The Cured (ou précédemment The Third Wave) est le premier long métrage de David Freyne, qui donne une suite à son court métrage The First Wave, qui traitait de la même problématique. Si la thématique du zombie a été usée jusqu’à la corde depuis une dizaine d’années, le jeune réalisateur irlandais prouve qu’il peut lui apporter un fond plus politique. Le film a été projeté au Festival International du Film de Toronto en 2017 où beaucoup l’ont comparé à la série britannique In The Flesh, et c’est un compliment.

 

Quelques années après le passage du virus Maze qui a transformé une partie de la population irlandaise et européenne en zombies avides de chair humaine, un remède a été trouvé. 75% des morts vivants sont désormais guéris et prêts à réintégrer la société. C’est le cas de Senan (Sam Keeley) qui va retourner vivre chez son frère disparu avec sa belle-soeur (Ellen Page) et son neveu. Mais le jeune homme est tourmenté, il est hanté par son passé d’infecté et fait régulièrement des cauchemars dans lesquels il revit ses actions antérieures avec son complice d’alors, Conor. La réinsertion est difficile pour les anciens zombies qui sont discriminés, insultés et humiliés, poussant certains à prendre le chemin de l’extrémisme. La seconde problématique pour le pays est de savoir quoi faire des 25% des morts vivants qui n’ont pas réagi favorablement au traitement, le gouvernement va-t-il les tuer ou continuer à expérimenter sur eux ? En souvenir du bon vieux temps et face à l’injustice évidente, Senan va suivre Conor dans une action terroriste dangereuse qui risque bien de diviser encore une fois la population. 

 

 

Porté par un très bon trio d’acteurs, The Cured” n’est pas un film de zombies ordinaire puisqu’il utilise la figure du mort vivant pour dénoncer une réalité actuelle. Les guéris” peuvent être assimilés aux réfugiés dont certains pays européens essayent de se débarrasser et dont on bafoue les droits élémentaires.
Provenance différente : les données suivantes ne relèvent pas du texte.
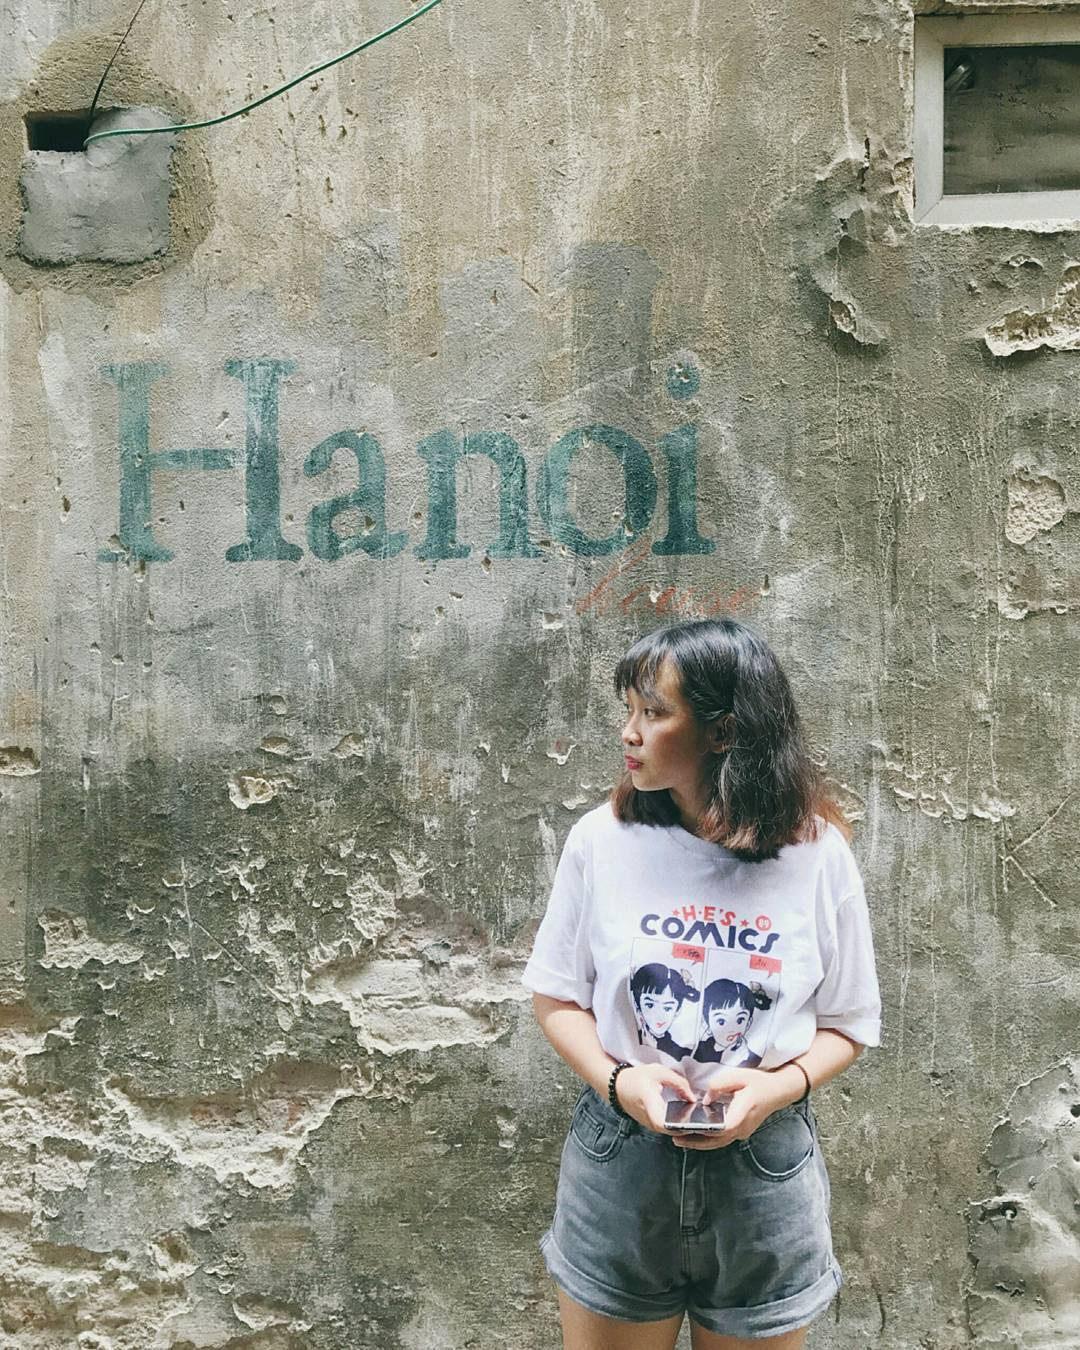 Nóng: Dòng chữ Hanoi trong con ngõ nổi tiếng bị xoá sổ, giới trẻ chính thức mất 1 góc chụp ảnh đặc trưng-3

Alors qu’ils ont vécu un traumatisme extrême (la fuite de leur pays/la transformation), on demande à ces personnes de s’intégrer” à une société responsable en partie de leur situation sans vouloir vraiment les accueillir. Ce mélange de peur de l’étranger, de méfiance et de discrimination est un témoin du repli identitaire de l’Europe visible aux urnes. Avec The Cured”, David Freyne s’empare du genre pour livrer une critique acerbe et métaphorique de la société d’aujourd’hui.